A crowdsourced project to link up erdosproblems.com to the OEIS

Thomas Bloom’s erdosproblems.com site hosts nearly a thousand questions that originated, or were communicated by, Paul Erdős, as well as the current status of these questions (about a third of which are currently solved). The site is now a couple years old, and has been steadily adding features, the most recent of which has been a discussion forum for each individual question. For instance, a discussion I had with Stijn Cambie and Vjeko Kovac on one of these problems recently led to it being solved (and even formalized in Lean!).

A significantly older site is the On-line Encyclopedia of Integer Sequences (OEIS), which records hundreds of thousands of integer sequences that have some mathematician has encountered at some point. It is a highly useful resource, enabling researchers to discover relevant literature for a given problem so long as they can calculate enough of some integer sequence that is “canonically” attached to that problem that they can search for it in the OEIS.

A large fraction of problems in the Erdos problem webpage involve (either explicitly or implicitly) some sort of integer sequence – typically the largest or smallest size {f(n)} of some {n}-dependent structure (such as a graph of {n} vertices, or a subset of {\{1,\dots,n\}}) that obeys a certain property. In some cases, the sequence is already in the OEIS, and is noted in the Erdos problem web page. But in a large number of cases, the sequence either has not yet been entered into the OEIS, or it does appear but has not yet been noted on the Erdos web page.

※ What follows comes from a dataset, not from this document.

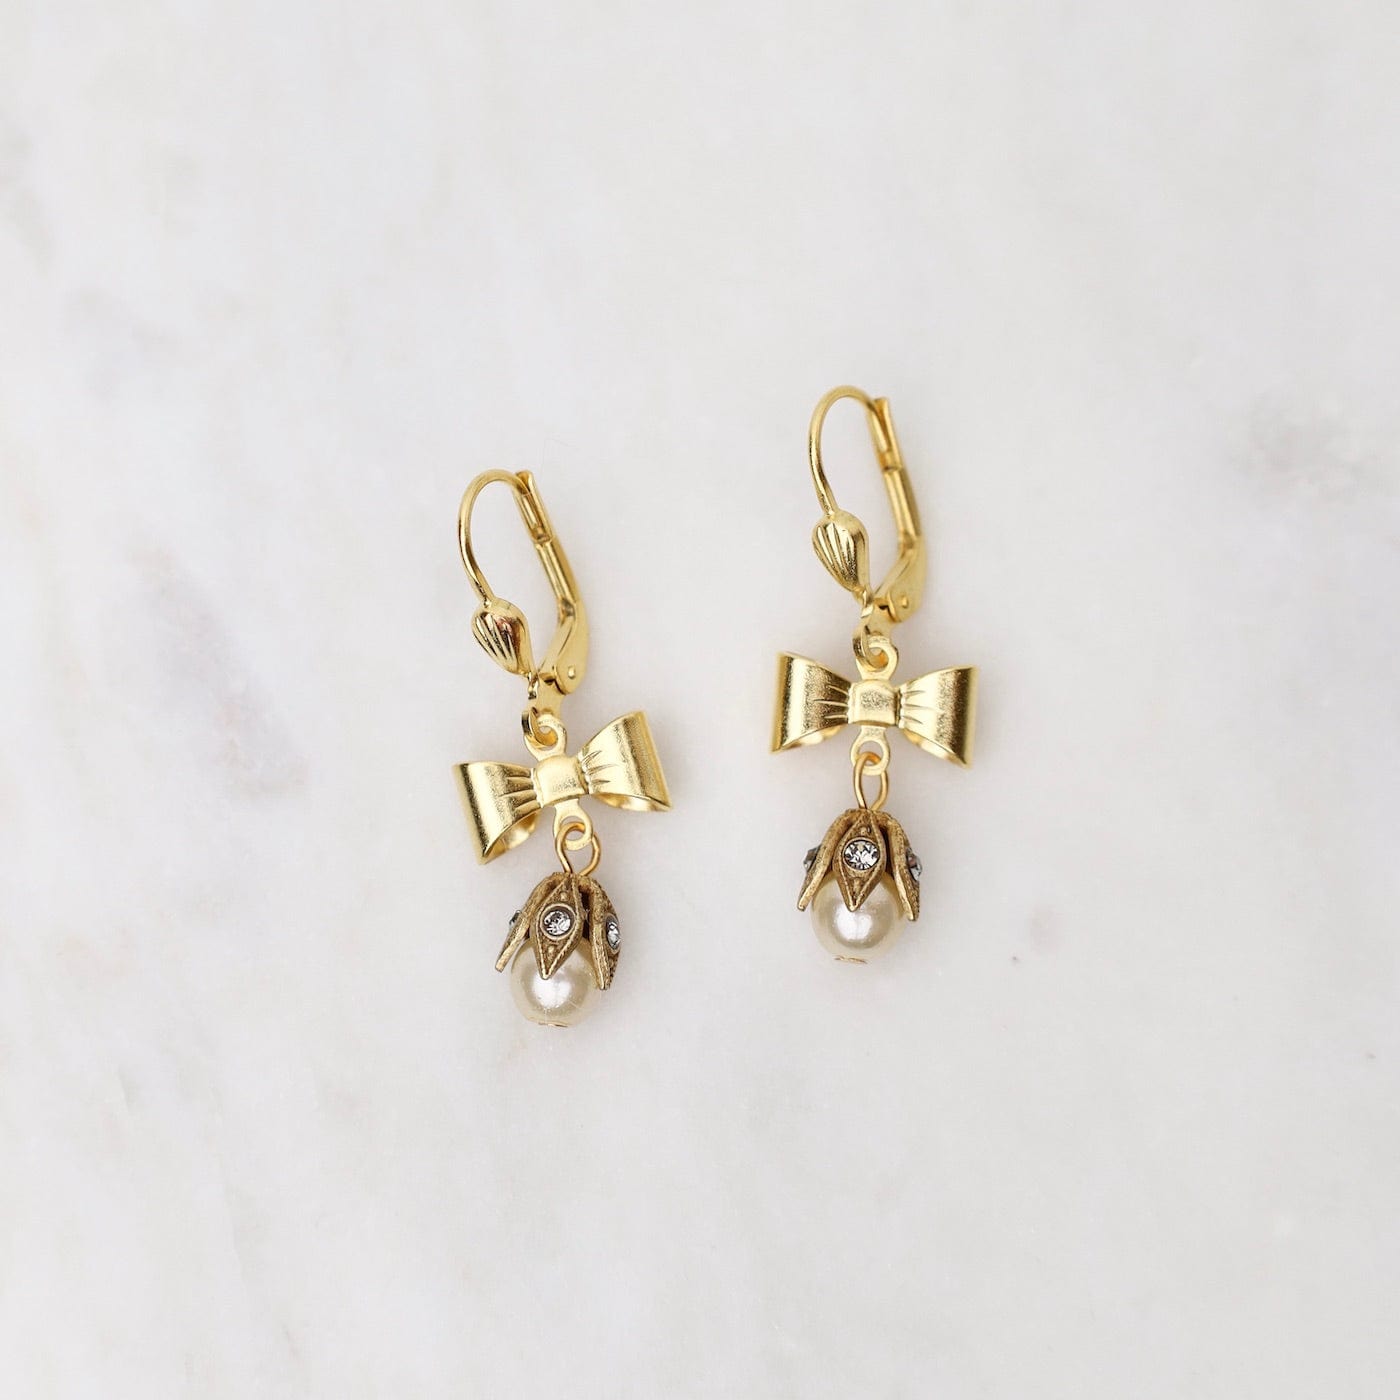 EAR-JM Gold Bow and Pearl Earrings

Thomas Bloom and I are therefore proposing a crowdsourced project to systematically compute the hundreds of sequences associated to the Erdos problems and cross-check them against the OEIS. We have created a github repository to coordinate this process; as a by-product, this repository will also be tracking other relevant statistics about the Erdos problem website, such as the current status of formalizing the statements of these problems in the Formal Conjectures Repository.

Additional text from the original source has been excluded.